While the TradeGlobal deal has yet to eke out profits for SingPost, Tan remains optimistic about SingPost’s e-commerce plans and is confident that Sample Store will be the key to success. He explains that if brands do not want to pay out of their pockets for display ads on Facebook or search ads on Google to advertise their products, their only other option is using traditional media.

He points out that with traditional media, it is very limited because consumers no longer go to mainstream media like newspapers and magazines but are on social media daily. That is why Sample Store relies heavily on influencers, EDMs and social media to reach out to them.

“The influencers will review the products on the website itself and from there, we ask them to pick which products they like using a stars system,” explains Tan. “We then rate them accordingly and get them to send feedback about whether they like the product and if they will go buy the retail size.

“The brands will evaluate these reviews and gauge how popular their product is. It works well especially for new brands, wanting to come to Singapore. That's what we did with Taiwan brands in 2018, where 50 of the brands that came over, each of them providing 1,000 pieces of samples.”

According to Tan, Sample Store does not select members to try and review the samples, giving them the options to pay to try the sample once the product is listed on the website. For influencers, it will work with brands to select an influencer or a group of influencers to try and review the products.

Once the sampling period is over, Sample Store will send these brands a post-campaign report, explaining the nitty gritty parts of the campaign, before allowing the brands to conclude about the campaign themselves.

“Most times when brands do sampling, they are just pushing things to people who might not even appreciate it. Producing these samples cost money as well, which is why this is a very effective way for the brands to spend their marketing dollars,” Tan says. “We offer a whole suite of services for any companies that are interested in e-commerce from website creation, from the ePayment platforms all the way down to the last mile of delivery.”

“Sample Store fits into this equation quite nicely, especially for SMEs because they are able to provide a very relatively cheaper option for consumers to sample their products in the wider market, gauge the customer response. If it is good, they can then scale-up with us if they want, using our end-to-end solution.”

“If they think perhaps response is not so good, we can figure out with them where the marketing has gone wrong and if their product is not really accepted here.
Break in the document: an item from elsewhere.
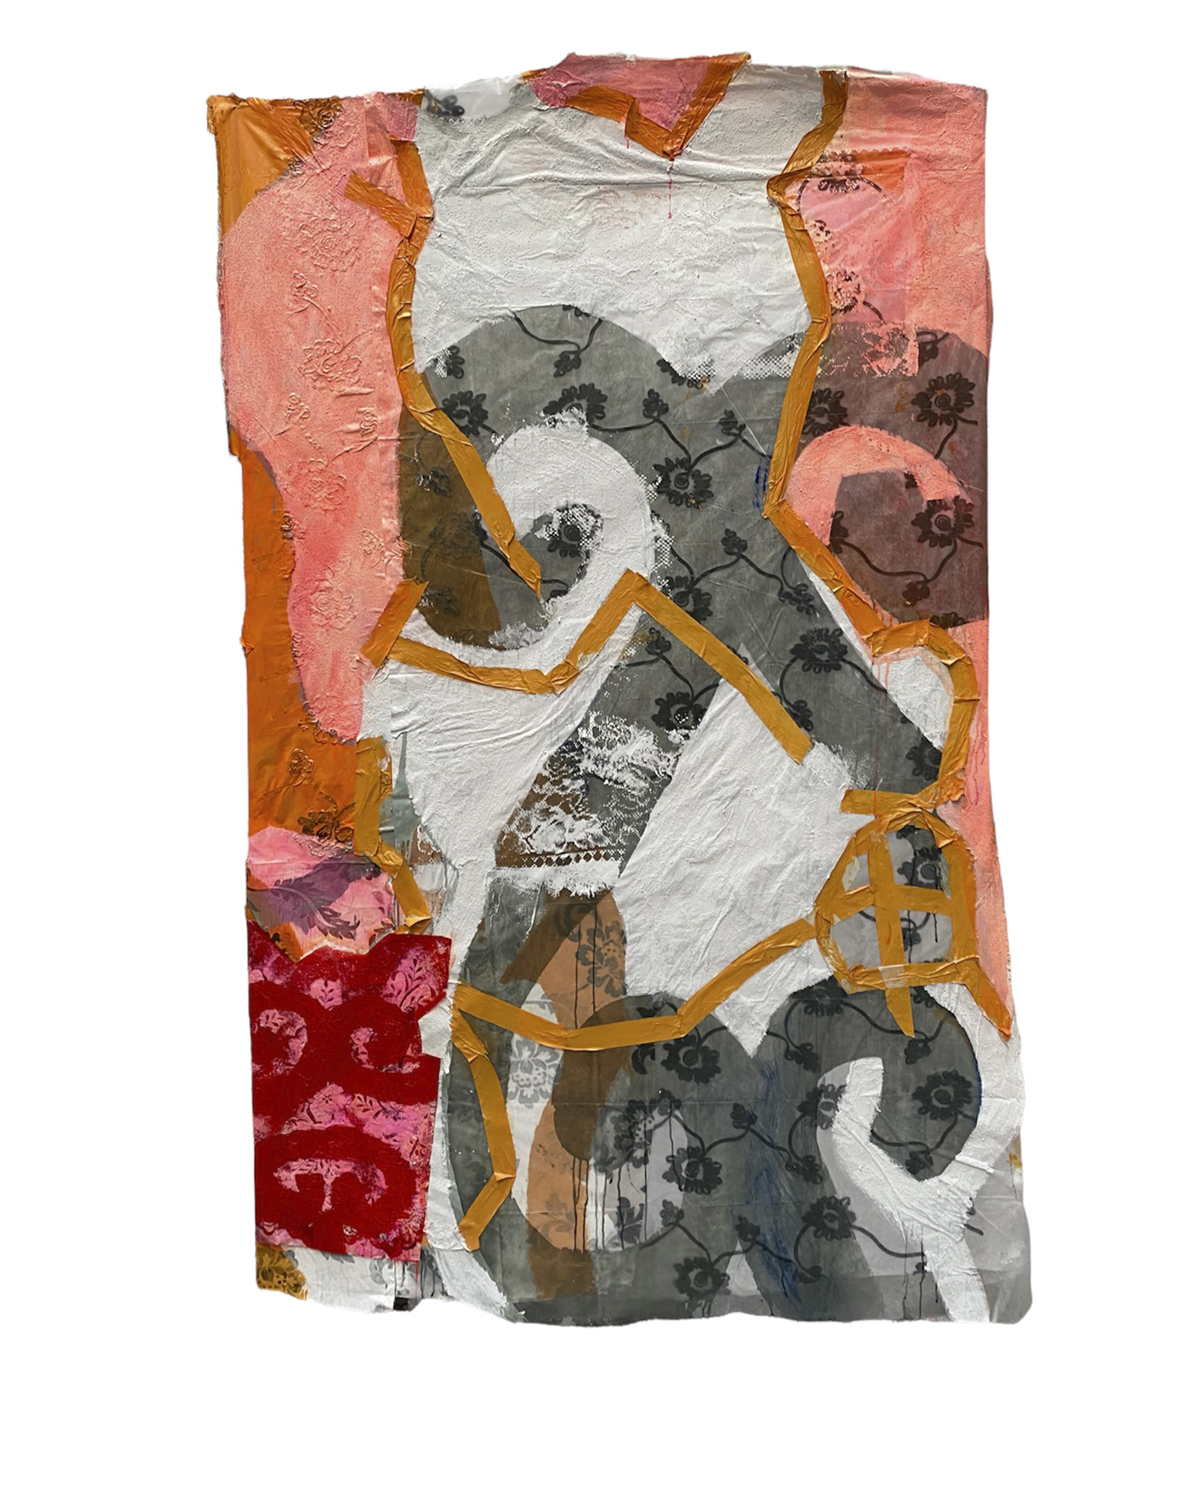 A n abstract collage in a Fleur-de-lys pattern.

They can then tweak without making too much of a financial impact.”

When asked if SingPost is making a play for the already-crowded South East Asia e-commerce scene, which has players like Lazada, Zalora, Qoo10, and Shopee, Tan dismisses any concern that SingPost is a threat because even though it has an e-commerce business, he sees no point challenging those platforms because ‘they are best doing what they are doing’.

“We are more than happy to supplement, and we know very clearly where we stand. We really want to work with the brands to make sure that they are marketing right and in trying to do sales, which is the e-commerce part,” he says. “The good thing is offline activities. Of course, we can always bring back a campaign. So far brands that keep coming back to us for the past few years because they see the ROI and people buying the actual products after the campaign.”
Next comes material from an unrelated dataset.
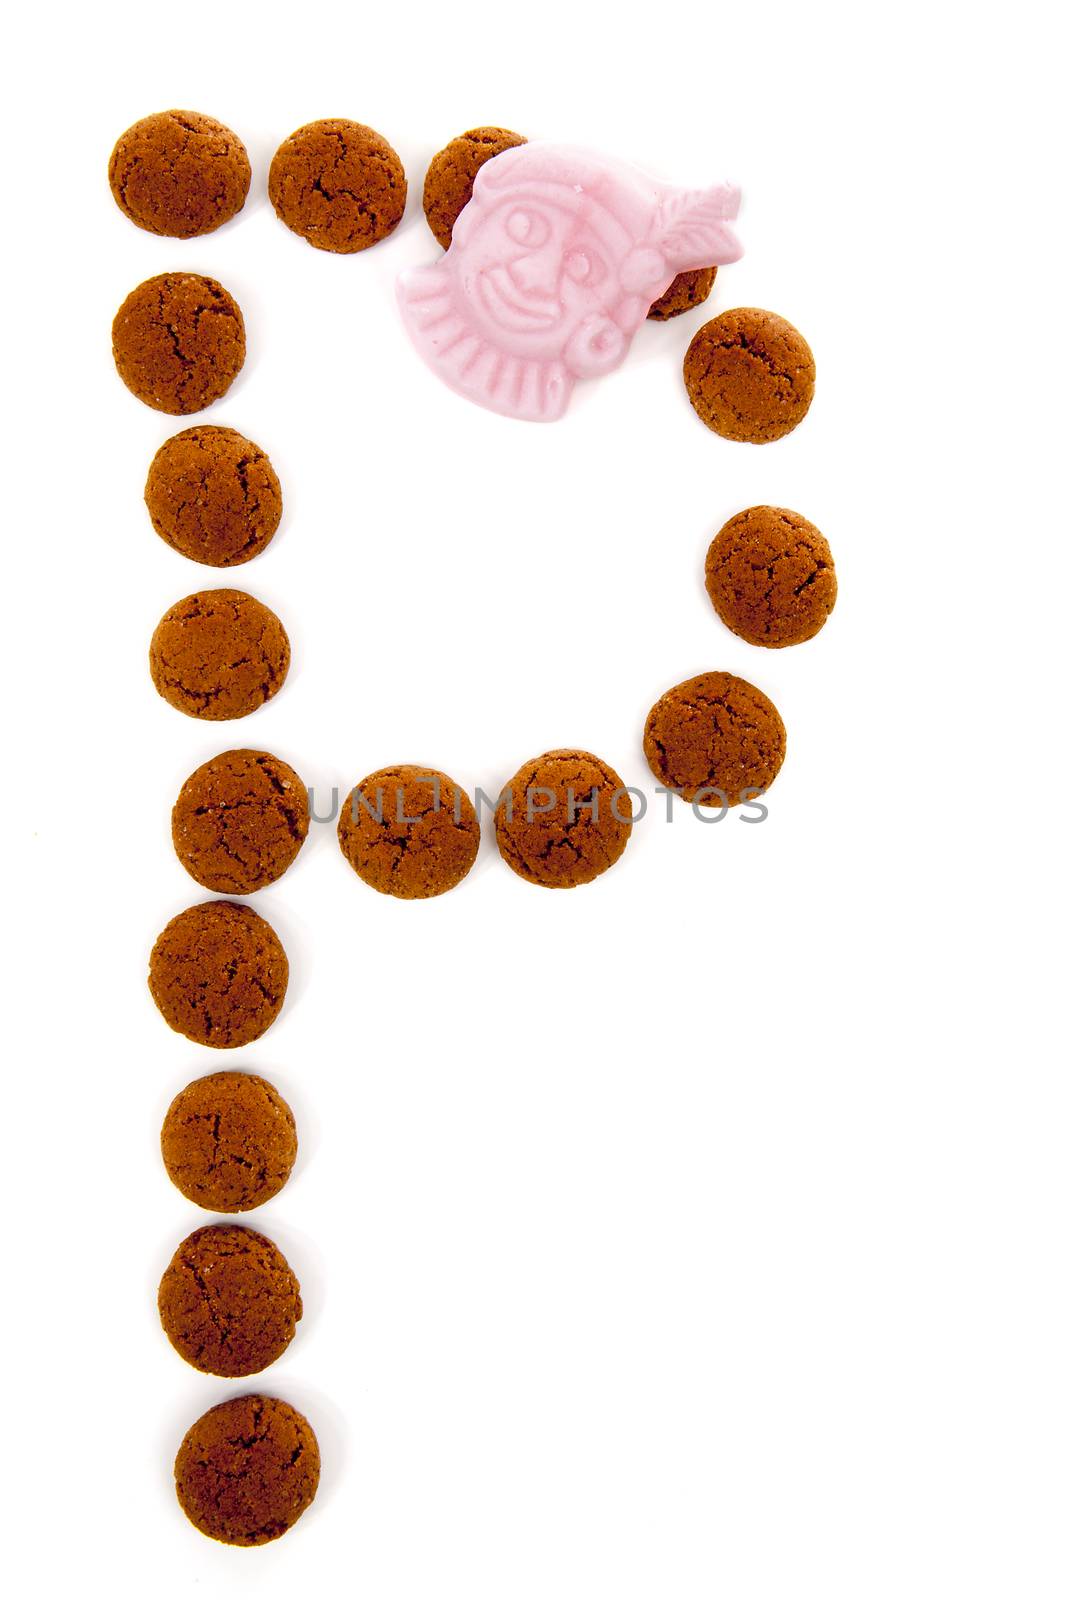 Ginger nuts, pepernoten, in the shape of letter P isolated on white background. Typical Dutch candy for Sinterklaas event in december

Tan is also unworried about Amazon entering the sampling space as he thinks their formula is probably different. He reiterates that Sample Store allows its members to choose the product that they want to sample, thereafter they will not be able to get it again. For Amazon, he points out customers are beholden to the e-commerce platform’s wishes them to try products from certain brands.

Future plans for Sample Store include expansion into other markets, creating personalized experiences for members who request for samples through the use of artificial intelligence to remember their preferences and creating omnichannel strategies for retailers at the SingPost Centre, where SingPost’s headquarters is located alongside a five-story mall it owns, and houses up to 130 stores in fashion, dining, and entertainment.